Впрочем, очень вероятно, у ЦБ были формальные мотивы подъема ключевой ставки, оказавшиеся за периметром публичной аргументации. Так, ни в пресс-релизе регулятора, ни в заявлении главы ЦБ по итогам решения совета директоров по ставке ни слова не было сказано о ситуации на денежном и финансовом рынках. А ставки на них начали отрываться от ключевой ставки уже несколько месяцев назад.

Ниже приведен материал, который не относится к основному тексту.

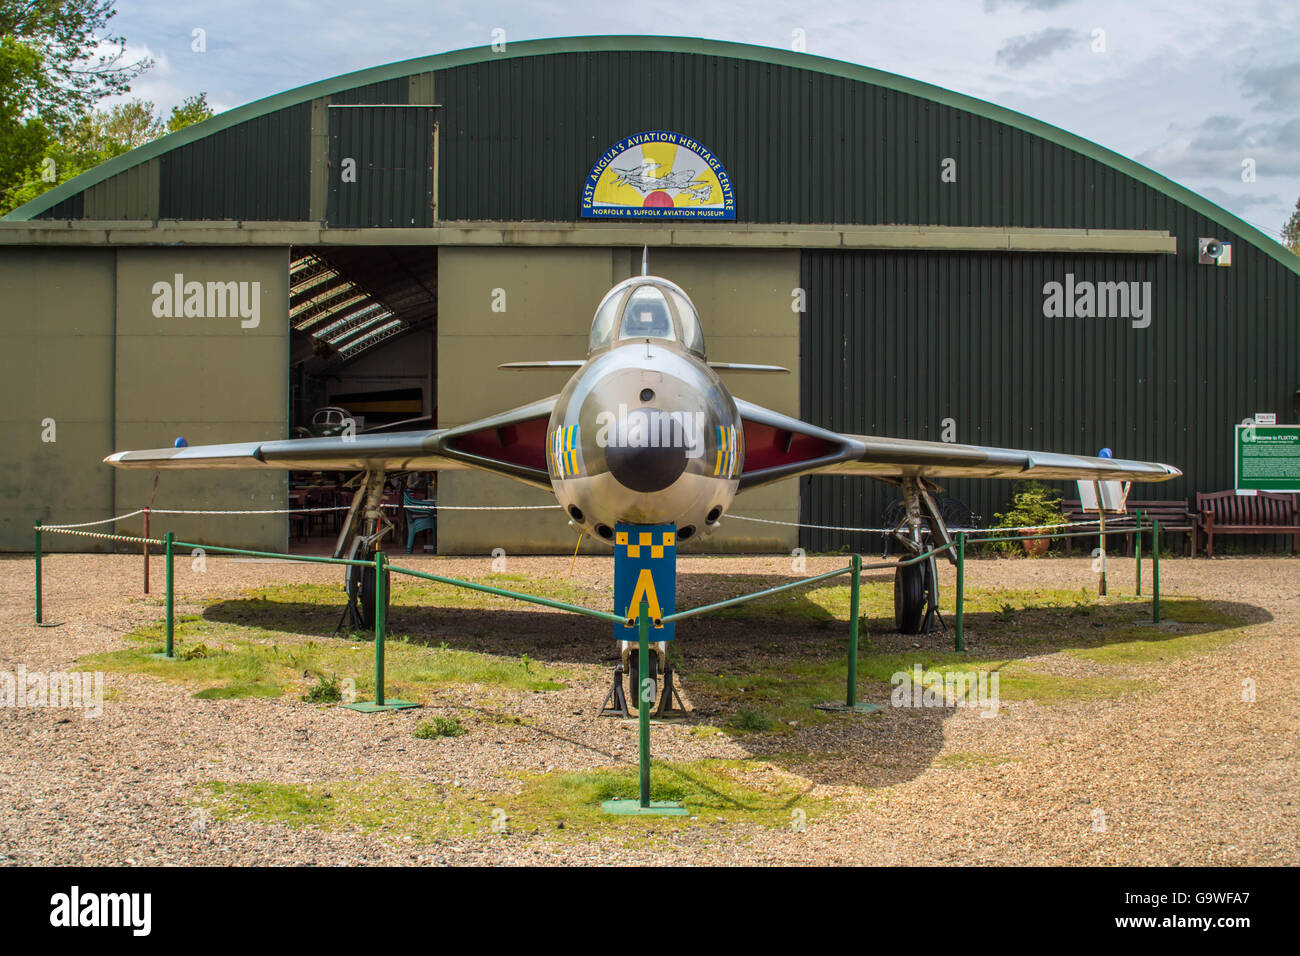 Hawker Hunter au musée de l'aviation avions flixton suffolk angleterre Banque D'Images

Под влиянием подъема инфляции и, возможно, «ястребиной» риторики ЦБ (уже осенью регулятор делал все более определенные заявления о возможности перехода к циклу повышения ключевой ставки в ближайшем будущем) практически выдохся понижательный тренд рыночных кредитных и депозитных ставок, а в декабре–январе в ряде сегментов кредитного рынка наметился даже небольшой рост (см. график 12). Еще более резко, более чем на один процентный пункт с начала года, выросли доходности ОФЗ (см. график 13). 

Помимо растущей инфляции и усилившихся санкционных рисков росту доходности госбумаг способствовали операционные просчеты самого эмитента. «Минфин очень хотел вернуться к привычным для него заимствованиям на финансовых рынках по фиксированной ставке, хотя спрос на ОФЗ по фиксированной ставке предъявляют только нерезиденты, — поделился с нами версией происходившего на рынке госбумаг пожелавший остаться неназванным банкир. — Когда Минфин стал больше размещать облигаций с плавающими доходностями, индексируемыми по инфляции, жизнь наладилась, они разместили всё. Но в начале этого года Минфин снова решил, что фиксированные ставки для них — это всё, они не хотят нести процентный риск. Однако нерезиденты не смогли поглотить все предложенные объемы, а российские банки неохотно покупали неудобные для них бумаги.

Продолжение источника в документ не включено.